Anyway, there's an answer to be found out there somewhere. Hopefully
that gives you at least some useful clue(s) of stuff to look for
and/or check that you may not have yet already fully covered and/or
considered. Who knows, ... might be as "simple" as a flakey switch or
some misconfigured device, but it will probably be necessary to do
some detective work and/or dig a fair bit deeper to find and isolate
the problem.
| |
| Davorin Vlahovic 2006-04-28, 1:12 pm |
| On 2006-04-28, Dan N <dan@localhost.localdomain> wrote:
> I'm tearing my hair out with this one. The gateway machine to the outside
> world periodically becomes inaccessible to some hosts on the lan.
>
> This is the setup.
>
> LAN -> switch -> gateway/firewall -> DMZ -> ADSL modem -> Internet
>
> What happens is that hosts on the LAN sometimes get no response from the
> gateway. These hosts can be Windows or Linux boxes.
It could be several things; faulty switch, faulty cable(s) or prehaps
you've got a rogue machine which gets set up with an IP that exists
elsewhere in the network.
You should see the arp cache on the g/f.
--
Uspjesne regije, tvrtke, muskarci i zene znaju da je uvijek bolje biti
prvorazredna verzija sebe nego drugorazredna verzija nekog drugog.
| |
| Bit Twister 2006-04-28, 1:12 pm |
| On Fri, 28 Apr 2006 13:40:47 +0800, Dan N wrote:
<snip>
> I don't think it's dhcp because;
> 1. at least one of the linux boxes has a fixed ip but is displaying the
> problem
> 2. an ipconfig on the windows box shows a valid ip address
But is it a valid default route during failure. 

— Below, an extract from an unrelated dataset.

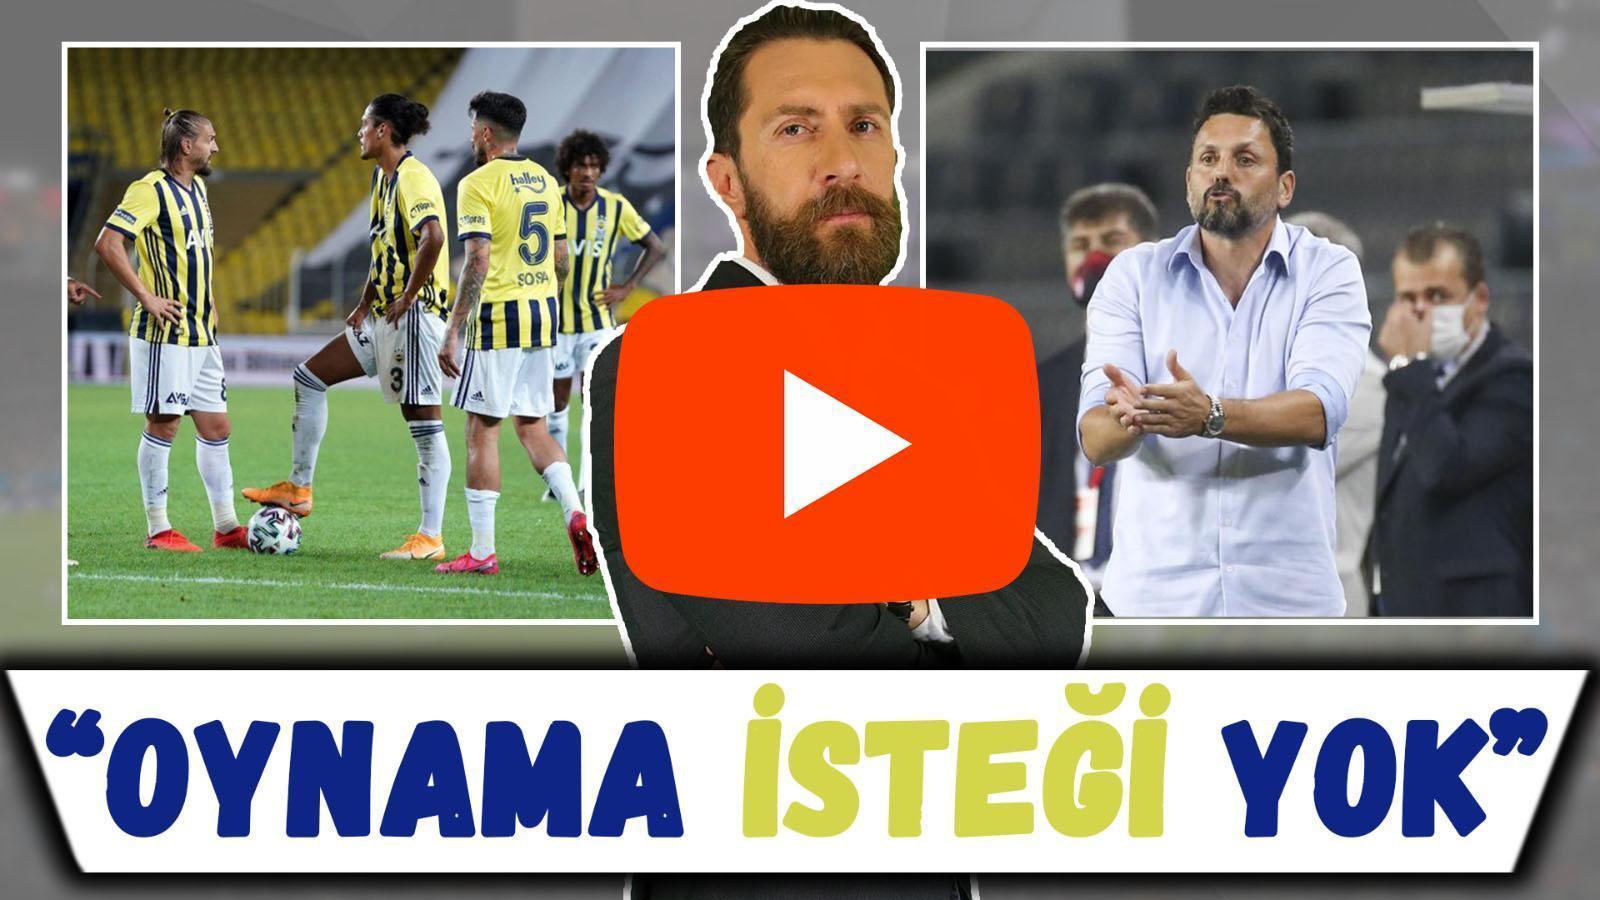 Erman Özgür Süper Lig karşılaşmalarını değerlendirdi: “Fenerbahçede oynama isteğinin olmayışı haftanın olayı oldu”

> 3. its only the gateway that can't be pinged.
Since you are fixated on the gateway and have a static ip linux box,
run a test script to log faults to see if it is random or happens at particuar
hours or happens in clustered groups.
Do feel free to add nodes to the test script.
Do NOT add nodes past the router.
run
ifconfig eth0
on the linux box and verify errors/faults are normal.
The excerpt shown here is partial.